Dive into this athlete’s performance at 2024 Milan using our in-depth report. By comparing their results to those of similar athletes, we identify key strengths and areas in need of improvement.
For this specific race, our analysis is based on the performance of
1000 similar athletes.
This chart provides a visual summary of the race performance, displaying percentile rankings for all running and workout segments. You can quickly see the strength and the weakness of the athlete.
Percentile based on all the athletes who competed in Hyrox Men
Running
We compare the athlete's running times with peers who have similar finish times.
This chart helps you quickly determine if your running pace was too fast or too slow for your overall finish time.
Based on 1000 athletes with similar finish time in Hyrox Men
Workouts
We compare the athlete's workout times for each station with peers who have similar finish times.
This chart helps you quickly identify if any workouts were too fast or too slow relative to your overall finish time.
Based on 1000 athletes with similar finish time in Hyrox Men
Pacing Quality
This section showcases the entire Gavin Colin's performance at each station and run segment compared to the average.
It reveals strengths and areas for improvement, providing insights into how the athlete's times stack up against typical HYROX competitors with same finish time.
In HYROX racing, pacing is crucial. The pacing line highlights Gavin Colin's pacing strategy, identifying segments where they may have started too fast or too slow, guiding them toward a more balanced race approach.
Based on 1000 athletes with similar finish time in Hyrox Men
Spread of Splits Time
This chart illustrates the spread of splits of all athletes competing in the same division, providing a visual representation of the distribution of times for each split.
Use this chart to compare the Gavin Colin's performance against the competition, identifying areas of strength and those needing improvement.
This chart includes Top 10%, Top 25%, Top 50%, Top 75%, Top 90%, and Top 100% of the athletes. The outliers have been removed for clarity.
Percentile based on all the athletes who competed in Hyrox Men
Improvement Plan
Based on our analysis, here are the focus areas for improvement. The goal is
to determine how quickly the athlete could improve on some stations and where is the path of least resistance to improve Gavin Colin's time.
The percentile rank is the current position of the athlete compared to the competition. It goes from 0 to 100, where 0 is the best and 100 is the worst.
It show the potential improvement for each station. The athlete should focus on the stations with the highest potential improvement and the biggest duration.
A big improvement in the Farmer's carry station will not be as impactful as a small improvement in the wall ball station for instance.
Just click on a station to see how easy it will be to improve and how important it is to focus on it during training.
For this athlete we identified a possible improvement of
07:13.
Check the detail of the improvement plan below.

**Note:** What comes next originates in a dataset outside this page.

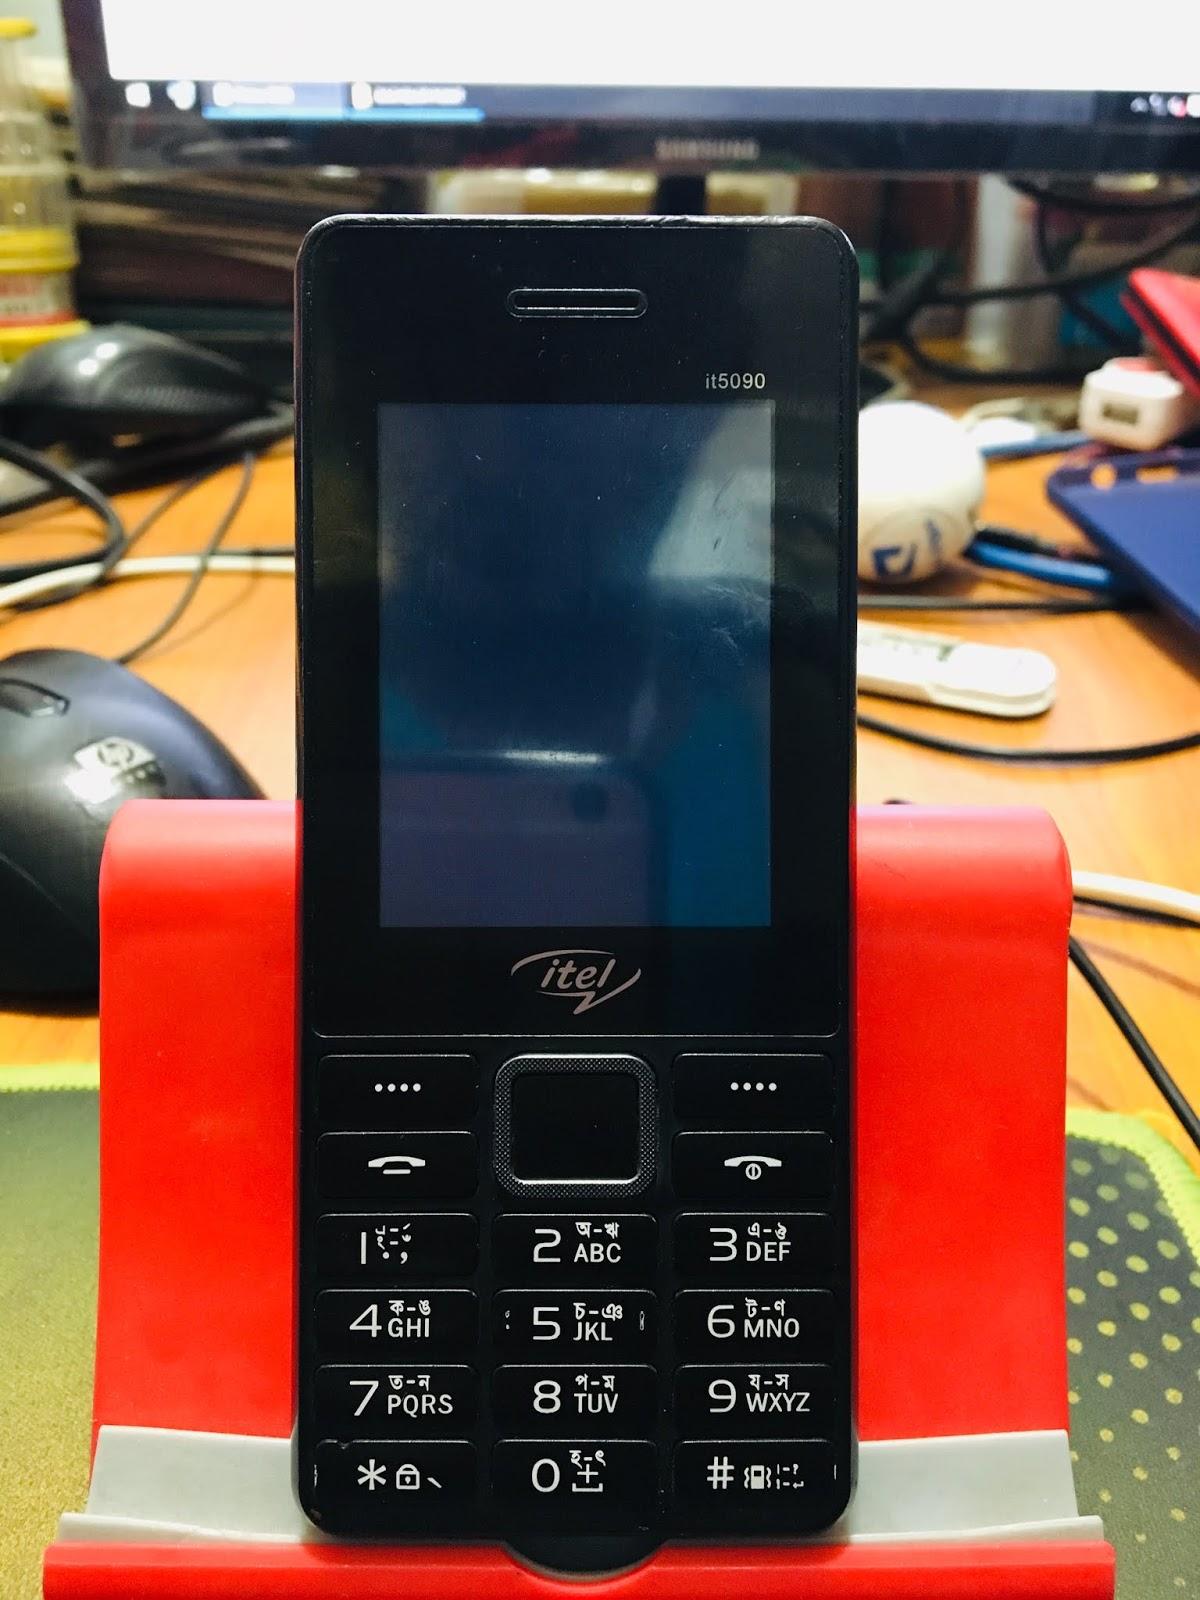 Itel It5090 Flash File (Stock Rom) Firmware - Mobile Flash File Free

Based on 1000 athletes with similar finish time in Hyrox Men
A word from RoxCoach - Your AI Powered Trainer
Overall Performance
Colin Gavin delivered a solid performance at the 2024 Milan Hyrox event, placing 640th overall and ranking within the top 50% of his age group. His total running time was notably faster than the average by 07:21, indicating a strong running profile but suggesting a need to enhance his strength training to balance his capabilities. His initial running segments were slightly slower compared to his later ones, suggesting he might have started the race more cautiously and picked up the pace effectively as the race progressed.
Segments to Improve
Burpees Broad Jump: With a time significantly slower than the average, improving agility and explosive power is key. Focus on plyometric exercises such as box jumps, tuck jumps, and burpee variations to enhance power and speed. Incorporate high-intensity interval training (HIIT) sessions to improve cardiovascular endurance in compromised states.
Roxzone: Time spent in transition zones was slower than average. Practice transition drills to minimize downtime, such as rehearsing quick equipment changes and efficient movement between zones.
Sandbag Lunges: This segment was slower, indicating a need for greater leg strength and endurance. Implement weighted lunges, step-ups, and Bulgarian split squats to build muscle endurance and improve stability.
Wall Balls: Although only slightly slower, focusing on form can yield improvements. Emphasize squatting depth and throwing mechanics. Practice wall ball exercises with varied weights to build endurance.
Sled Pull and Push: Work on overall strength training, particularly focusing on the lower body and core. Include sled training with varied weights and resistance levels to improve both push and pull dynamics.
Rowing: Technique can be improved by focusing on the power phase of the rowing stroke. Practice drills that enhance pull strength and posture, like seated rows and bent-over rows.
Race Strategies
Pacing Strategy: Given Colin's stronger running segments in the latter half, a consistent pacing strategy should be maintained from the start to conserve energy for strength exercises.
Transition Efficiency: Focus on reducing transition times by practicing quick transitions in training sessions to shave off unnecessary seconds during the race.
Compromised Running Training: Incorporate compromised running drills, where running is combined with strength exercises, to simulate race conditions and improve endurance across segments.
Strength-Endurance Integration: Balance running training with strength workouts, utilizing circuits that combine running and strength exercises to enhance overall physical conditioning.